Когда он пришел в театр, ему было всего девятнадцать. Главным режиссером тогда был Лобанов. Константин Наумович очень тяготел к режиссерской работе, руководил студией в Доме пионеров. Эфрос, Сегель, Валя Зубков, который впоследствии у него снимался, были его учениками. Они потом каждый год собирались и всегда вспоминали своего учителя. Воинов пользовался очень большим авторитетом и к тому же сам имел хорошую школу.

Первый спектакль, который он поставил, назывался «Честность». Он пользовался большим успехом, его пришел посмотреть Сталин, но ушел с середины. Был страшный скандал. Воинова выгнали (хорошо еще, что не посадили).

Так молодой режиссер остался на улице, без права работы в Москве. Затем ему удалось устроиться в Ногинске главным режиссером местного театра. Он ставил там спектакли, увлек труппу. А жил прямо в театре, в маленькой комнатушке, где висела сиротливая лампочка без абажура. Там он пристрастился пить вместе с актерами. Рассказывал, что им тогда овладела тоска, отчаяние. Он уехал от жены, от дочки, от родителей, от друзей. В то время такие, как он, изгнанники, отверженные были все равно что прокаженные. В Москву он приезжал только по выходным дням, добирался на попутных машинах.

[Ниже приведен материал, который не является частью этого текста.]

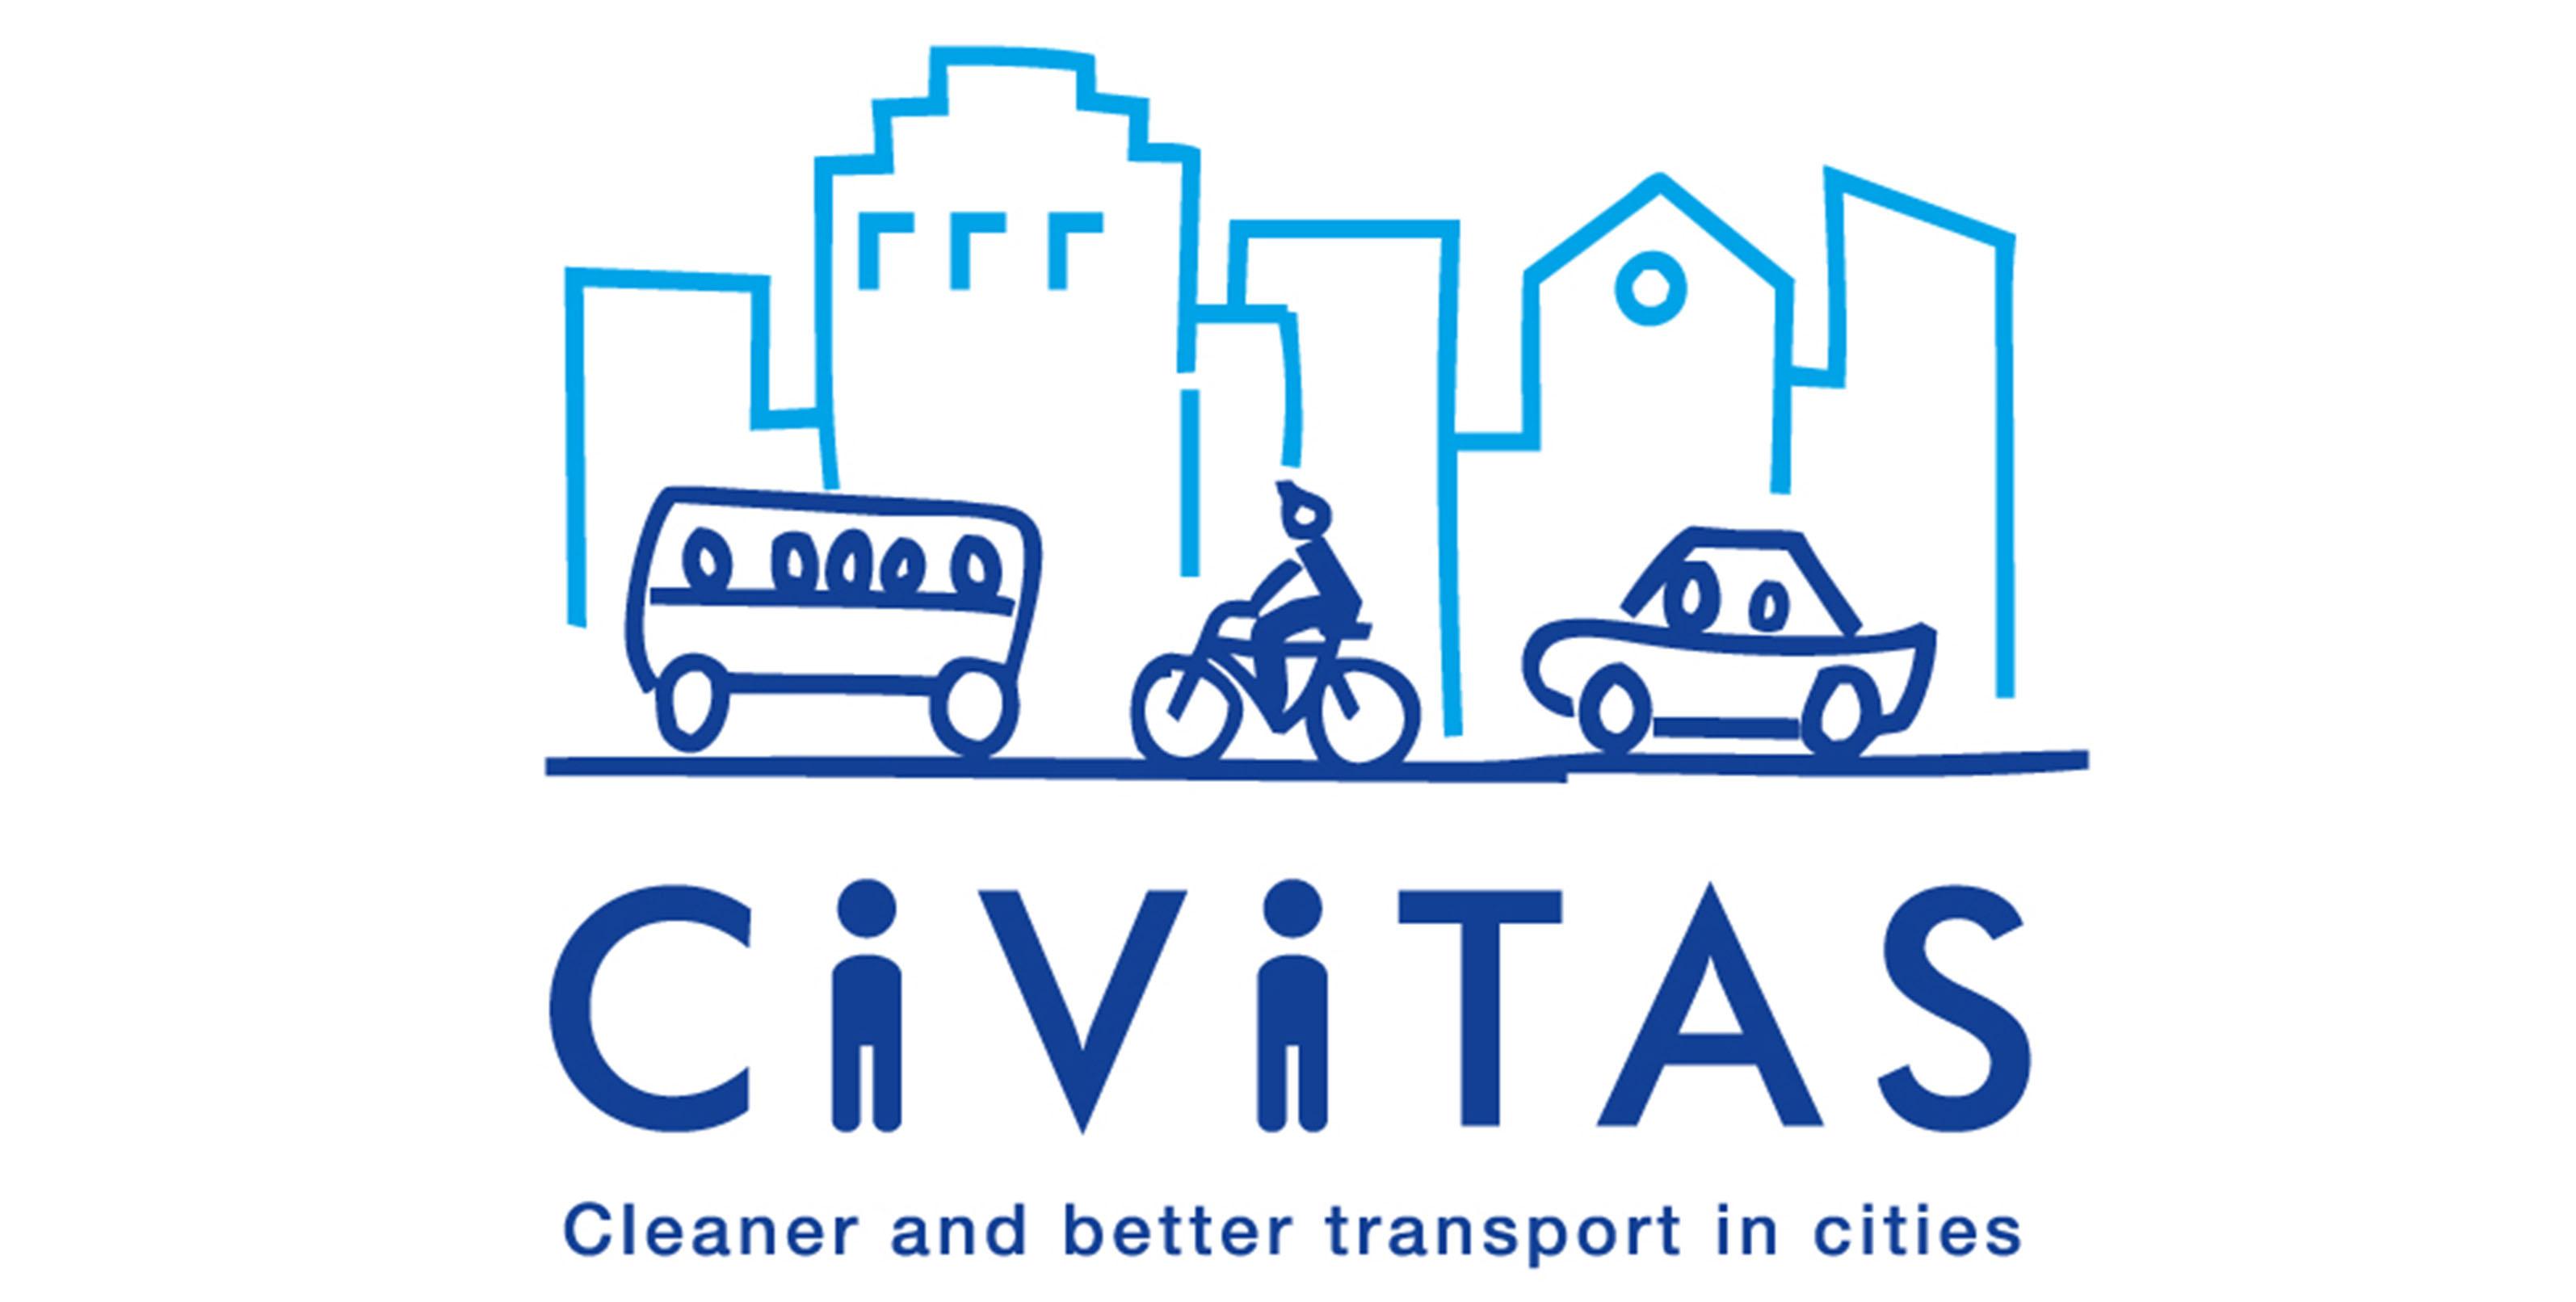 Barcelona apuesta por carriles bici segregados y junto a la calzada

Прошло несколько лет. Как‑то его встретил Пырьев, тогда директор «Мосфильма», и пригласил вместе с другими молодыми режиссерами на работу. И в объединении Михаила Ромма Воинов взял сценарий по повести Павла Нилина, замечательного писателя, и поставил короткометражный фильм «Жучка». Это была его первая картина и вообще первая телевизионная лента, которая снималась на «Мосфильме». В прокате она называлась «Сестры», или «Две жизни».

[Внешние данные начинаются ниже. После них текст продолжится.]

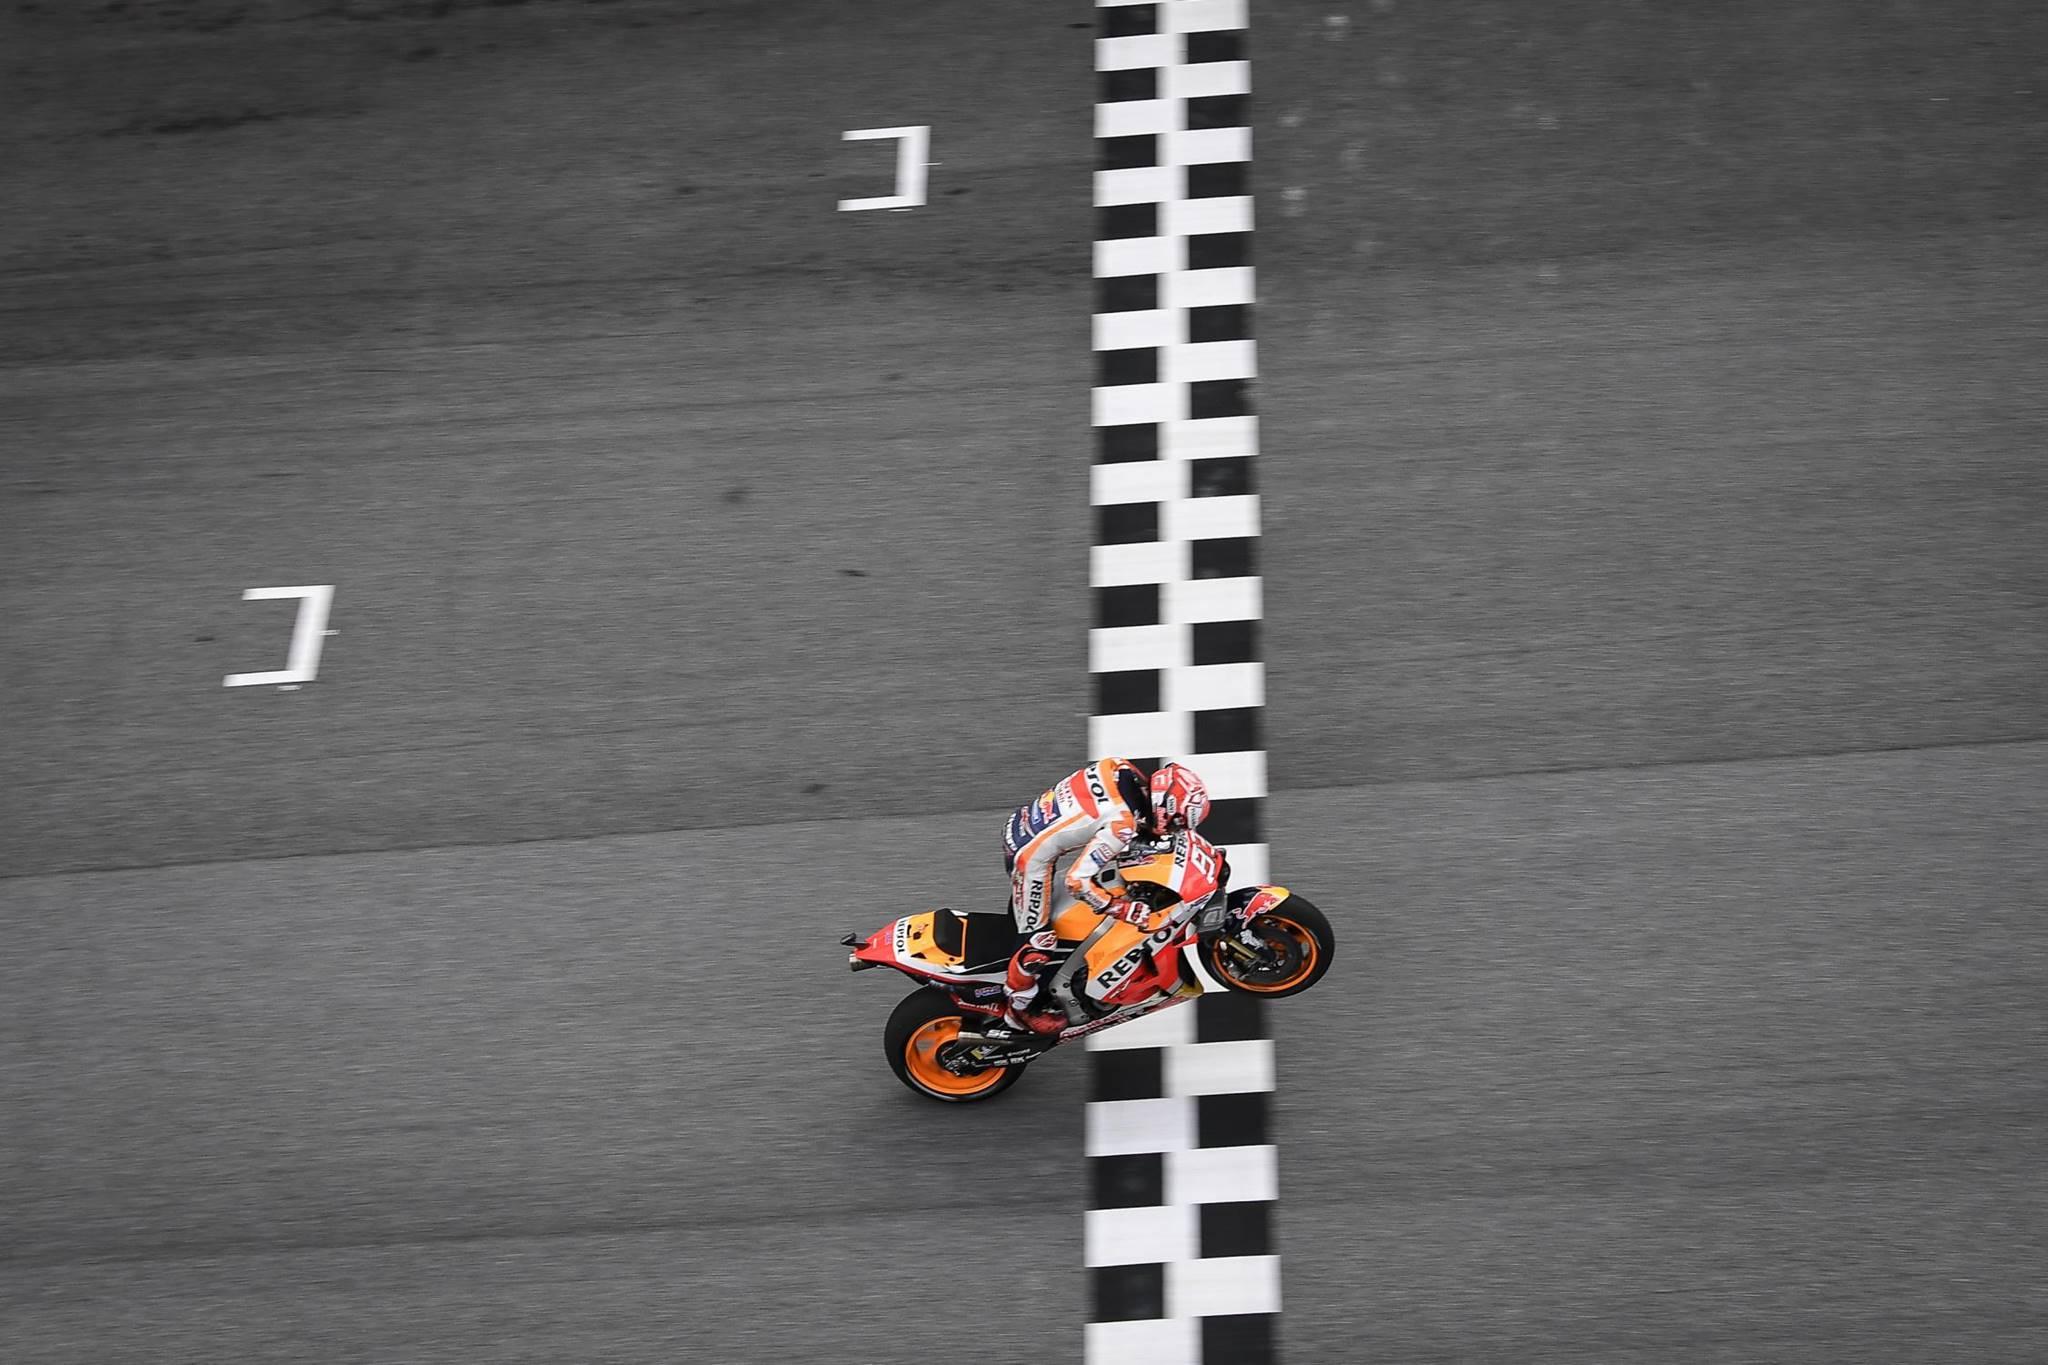 MotoGP_MalaysianGP_2018_Xe_Tinhte_009.jpg

Главная роль там замечательная! Воинову сначала рекомендовали пригласить на нее Зою Федорову, но та отказалась: то ли занята была, то ли решила, что режиссер неизвестный. Тут и возникла моя кандидатура. Воинов потом рассказывал, что он меня тогда практически не знал. Знал актеров театра, а кино — не очень.

— Смирнова? Кто такая Смирнова? — спросил он.

К тому времени он поставил в нашем театре комедию Владимира Полякова «Ах, сердце!». Всем спектакль очень понравился, был художественный совет, и единственный человек, который ругал постановку, была я.

— Я так злился, так возненавидел тебя! — признавался позднее Константин Наумович.

Вообще он критику хорошо принимал, но в данном случае разозлился оттого, что я на спектакле не смеялась. Зал хохотал, взрывался аплодисментами, когда героиня отплясывала канкан (в ту пору это было непривычно), а Воинов смотрел на меня из‑за кулис и видел, что я сижу с каменным лицом.

Сама не знаю почему, но на спектаклях я редко смеюсь. Ну вот такое свойство странное. Мне внутри смешно, а внешне я непроницаема.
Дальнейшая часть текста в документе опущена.